Spinach turnovers - fatayer bi sabanegh
Spinach turnovers - fatayer bi sabanegh

Hey everyone, it is Drew, welcome to my recipe site. Today, we’re going to make a special dish, spinach turnovers - fatayer bi sabanegh. One of my favorites. For mine, I am going to make it a bit tasty. This is gonna smell and look delicious.

Fatayer are little pies popular throughout the Middle East. They can have a variety of fillings, from meat to cheese or spinach. I made a version called Fatayer bi Sabanekh, Lebanese Fatayer filled with spinach.

Spinach turnovers - fatayer bi sabanegh is one of the most popular of recent trending foods in the world. It is simple, it’s quick, it tastes yummy. It is appreciated by millions every day. They are nice and they look wonderful. Spinach turnovers - fatayer bi sabanegh is something which I’ve loved my entire life.

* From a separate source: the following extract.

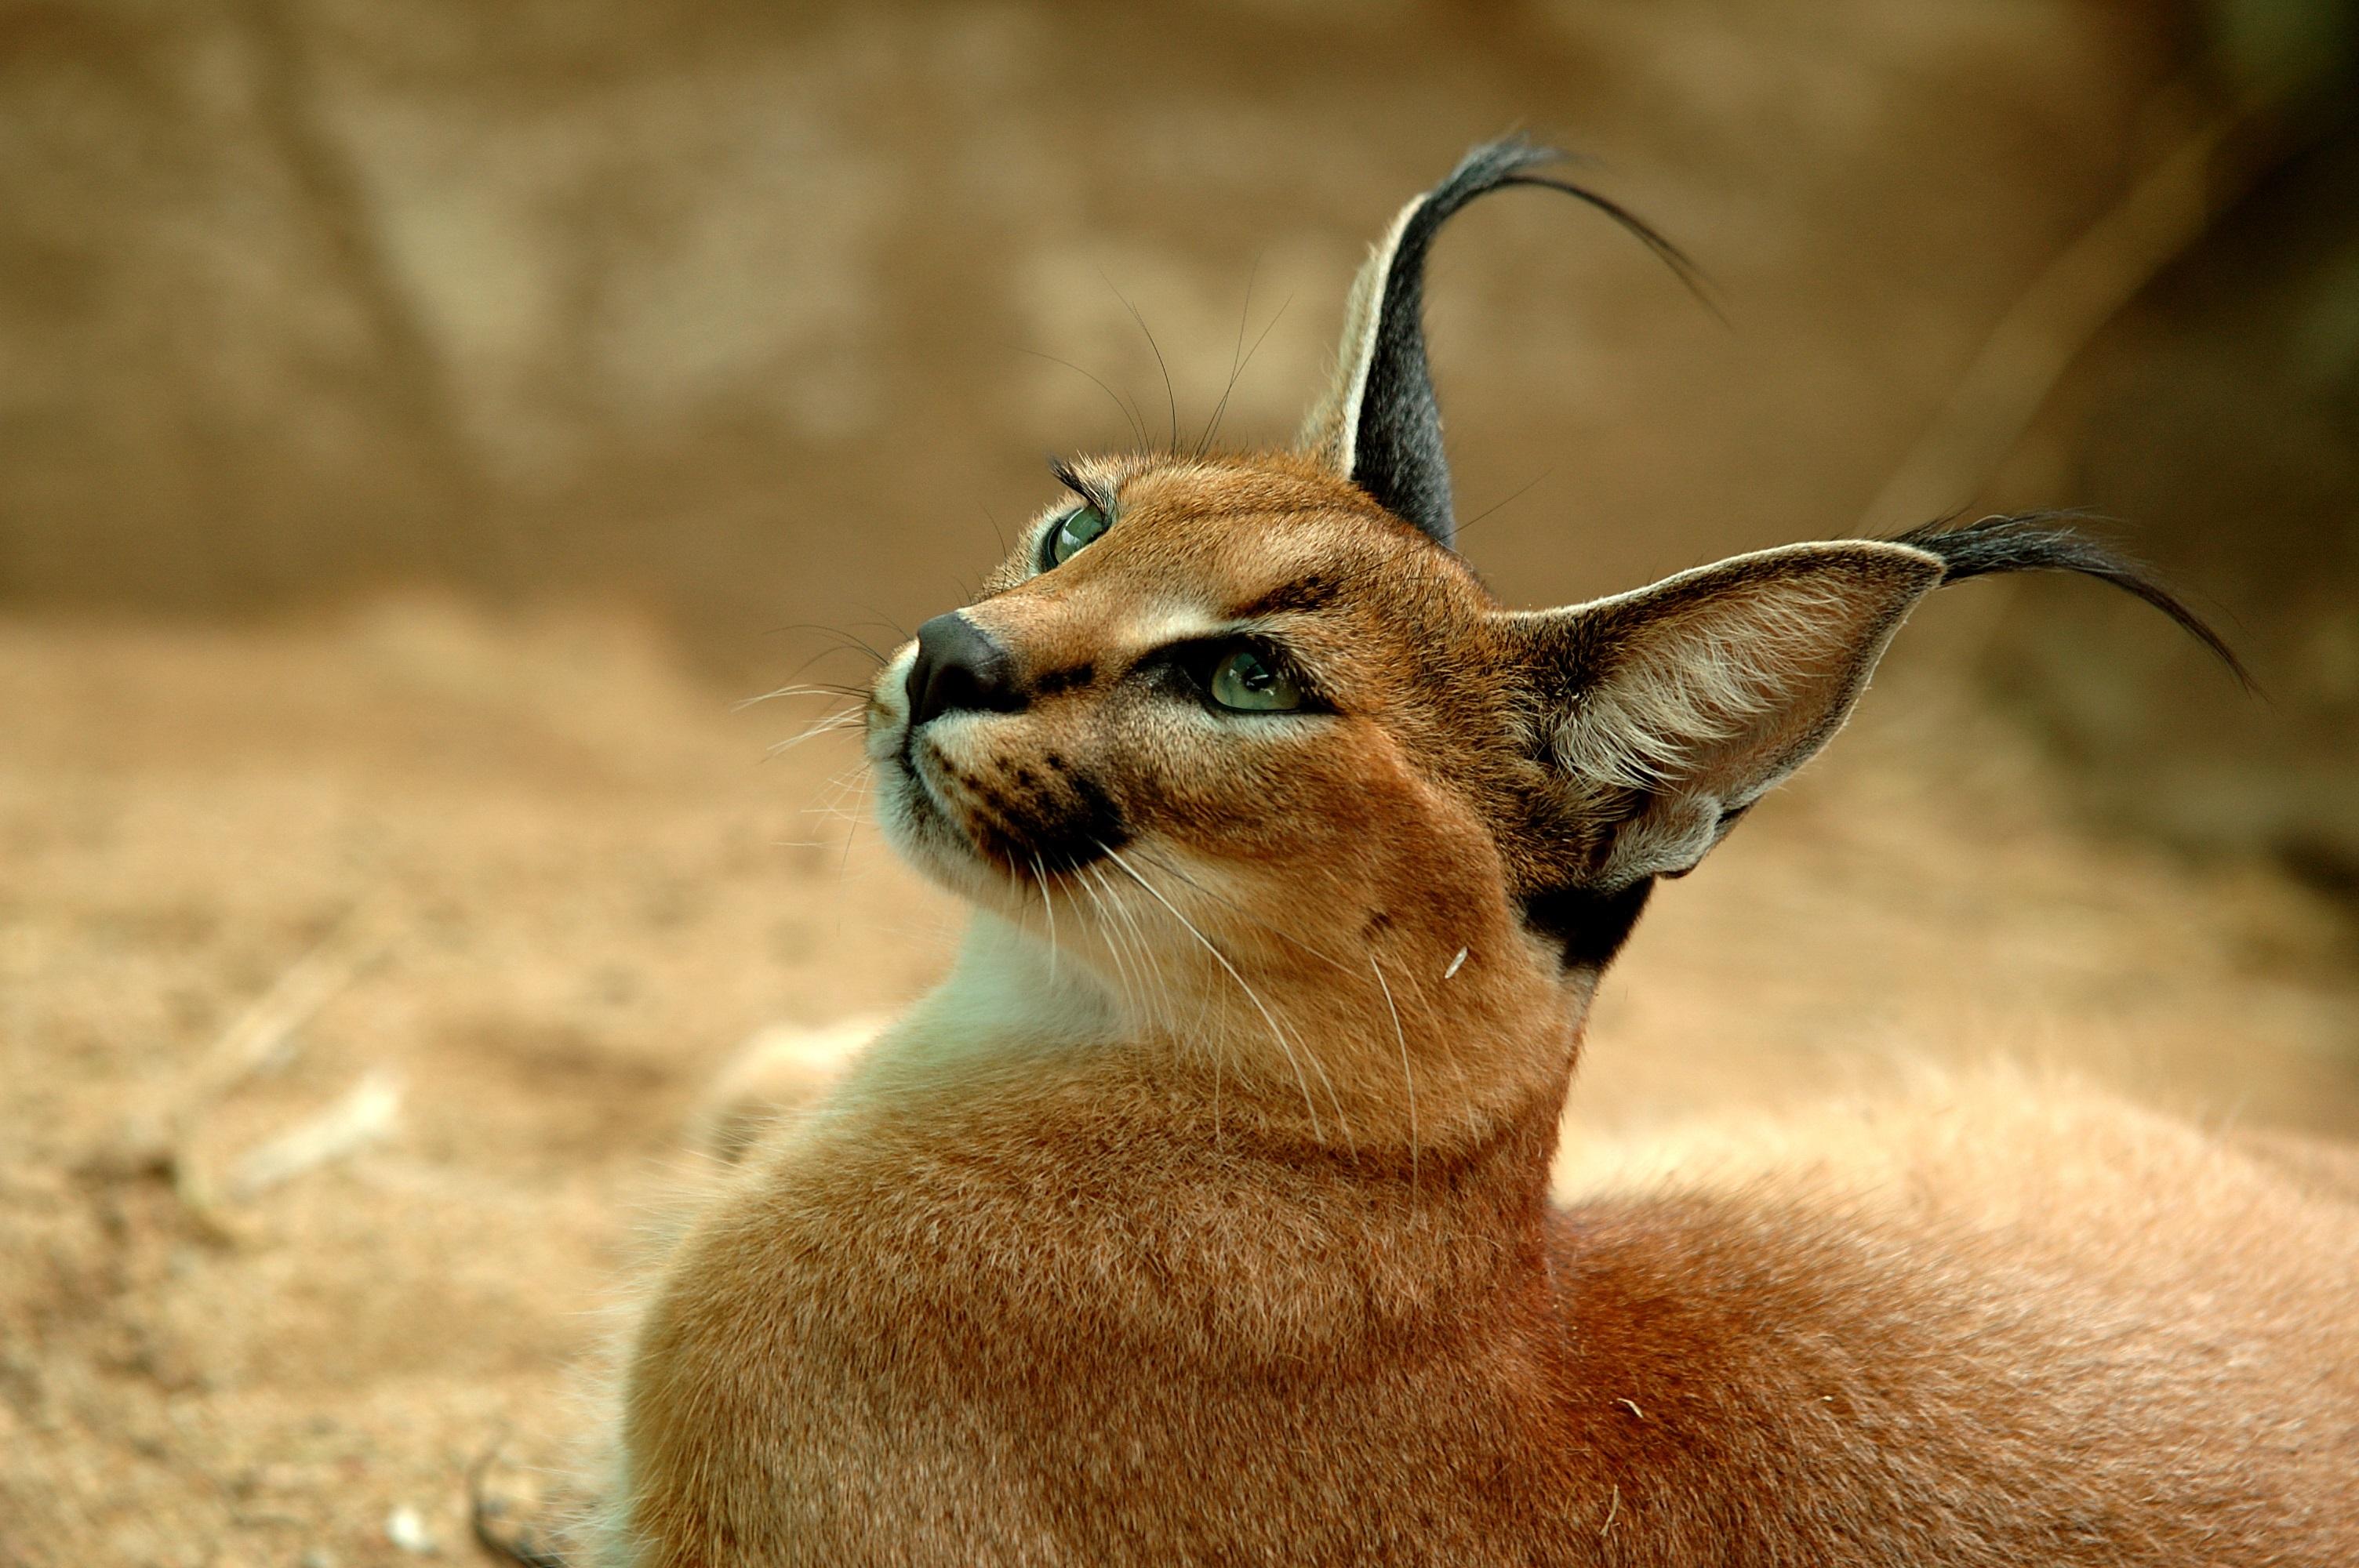 Каракал Каракалът е средна по размер дива котка, която живее в Африка, Близкия изток, Персия и Индийския субконтинент. Някога е използван в Иран и Индия за лов на птици. Каракалът притежава красиви тъмни снопчета косми на върха на ушите им. Все пак не пресичайте пътя им. Каракалите са извесни като едни от най-сърдитите и съскащи диви котки в света.

To get started with this particular recipe, we have to prepare a few components. You can have spinach turnovers - fatayer bi sabanegh using 13 ingredients and 9 steps. Here is how you cook that.

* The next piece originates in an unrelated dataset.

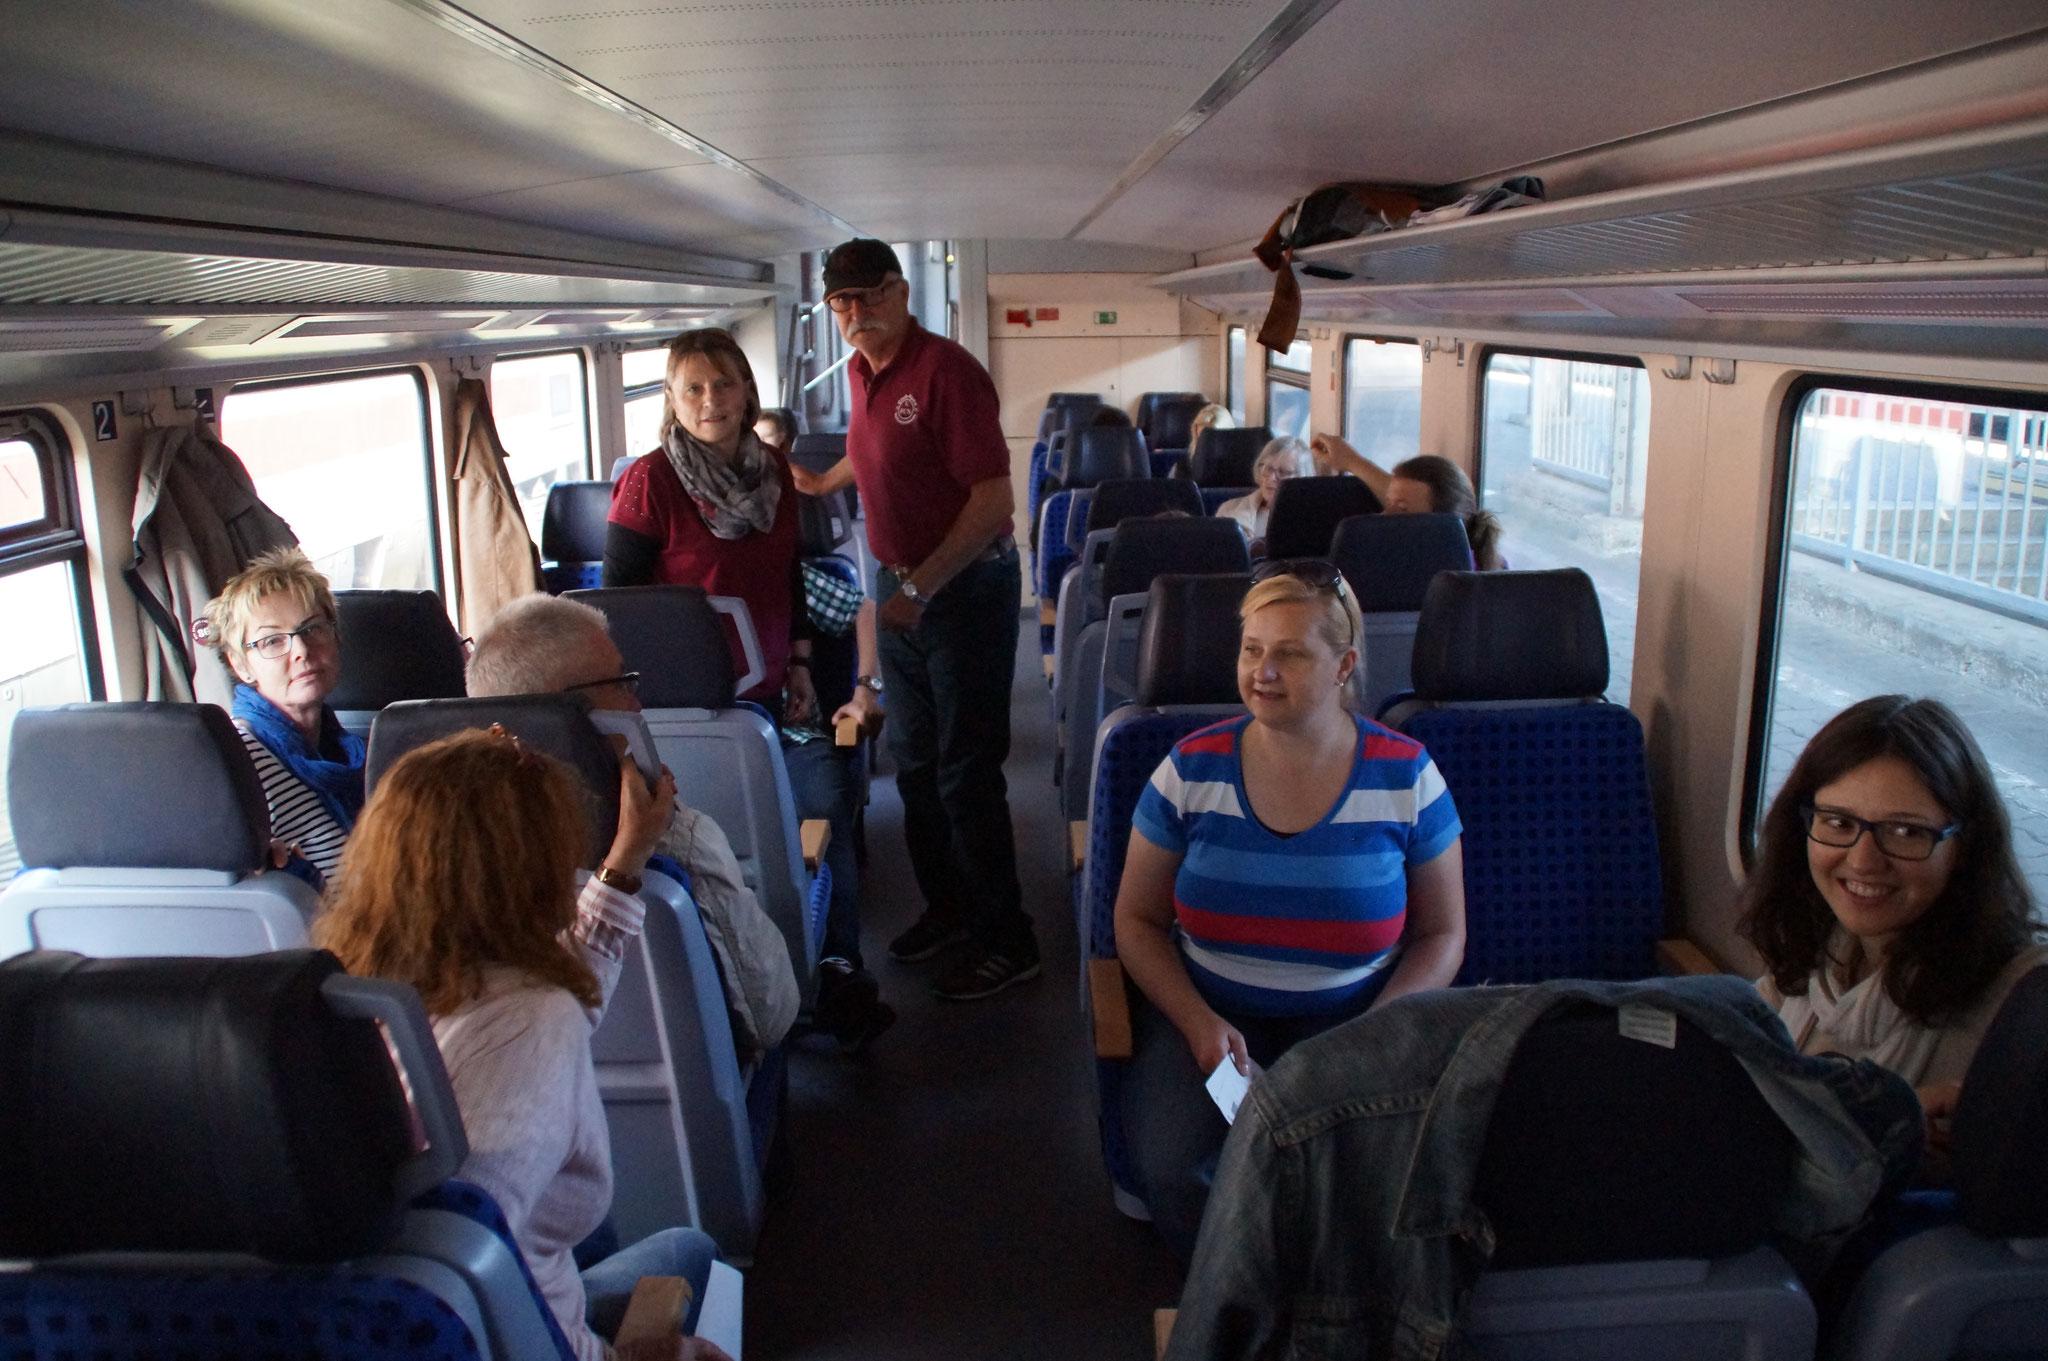 Familienausflug nach Kaiserslautern vom 20.05. - 21.05.2017

The ingredients needed to make Spinach turnovers - fatayer bi sabanegh:
  1. Get - For the dough:
  2. Take 3 cups flour
  3. Make ready 1/2 tablespoon dried yeast, dissolved in ¼ cup warm water
  4. Take 1/2 cup water
  5. Prepare 1/4 cup vegetable oil
  6. Take 1 teaspoon salt
  7. Make ready For the stuffing:
  8. Make ready 1 onion, minced
  9. Get 2 kg fresh spinach
  10. Get 1/4 cup vegetable oil
  11. Take 3 teaspoons sumac
  12. Prepare 1 teaspoon pomegranate syrup, if available
  13. Prepare 2 teaspoons salt

Great recipe for Spinach turnovers - fatayer bi sabanegh. Triangle-shaped pies that are filled with spinach, onions and sumac, then oven baked. You can make them in two sizes. The big ones are suitable for breakfast and the small ones for snacks.

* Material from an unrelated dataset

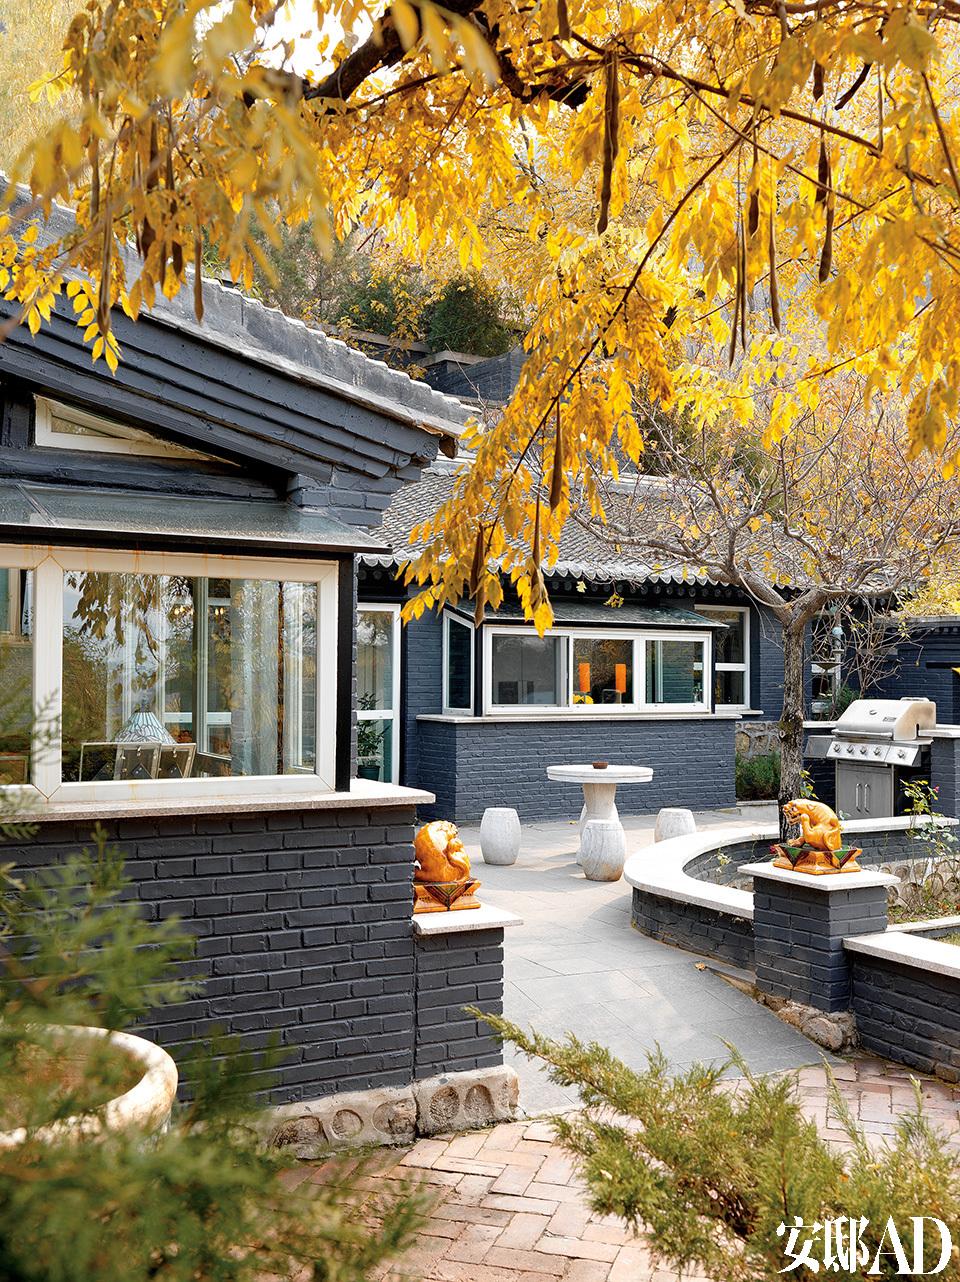 初冬时节,前院里植物的叶子都变黄了,老槐树结了长长的豆荚,很有老北京风情。

Steps to make Spinach turnovers - fatayer bi sabanegh:
  1. In a large bowl, combine all the dough ingredients together, except the vegetable oil. Mix well.
  2. Add the oil gradually while kneading until you obtain a firm, smooth dough. Add more water if needed.
  3. Cover the dough with a kitchen cloth and leave it to rest for around 2 ½ hr in a warm place until it rises.
  4. Meanwhile, start preparing the stuffing by washing the spinach, drying it and mincing it coarsely. Make sure to dry very well the spinach because too much moisture affects the dough when filled.
  5. In a bowl, combine the minced spinach and minced onions with the sumac, oil, pomegranate syrup and salt. Mix well.
  6. After the dough has risen, knead it again, with some flour on your hands. Divide the dough into big parts and roll each part on a lightly floured surface using a rolling pin. Cut the dough into small 8 cm diameter circles using a circular pastry cutter.
  7. Put 1 tablespoon of the stuffing in the center of each circle. Hold the dough from 3 sides and fold it in the form of a triangle, press sides together to seal well. Lightly grease two oven pans with vegetable oil and place the pies on them; pinched side up.
  8. Insert the pan in the oven and bake until the top and bottom of the pies turn lightly brown.
  9. They can be served hot or cold.

Fatayer are little pies popular throughout the Middle East. They can have a variety of fillings, from meat to cheese or spinach. I made a version called Fatayer bi Sabanekh, Lebanese Fatayer filled with spinach. Spelling variations may include Fatayer bil Sabanegh, Fatayer be Sabanegh, or Fatayer Bes Sabanekh. Fatayer Bi Sabanekh - Spinach Turnovers.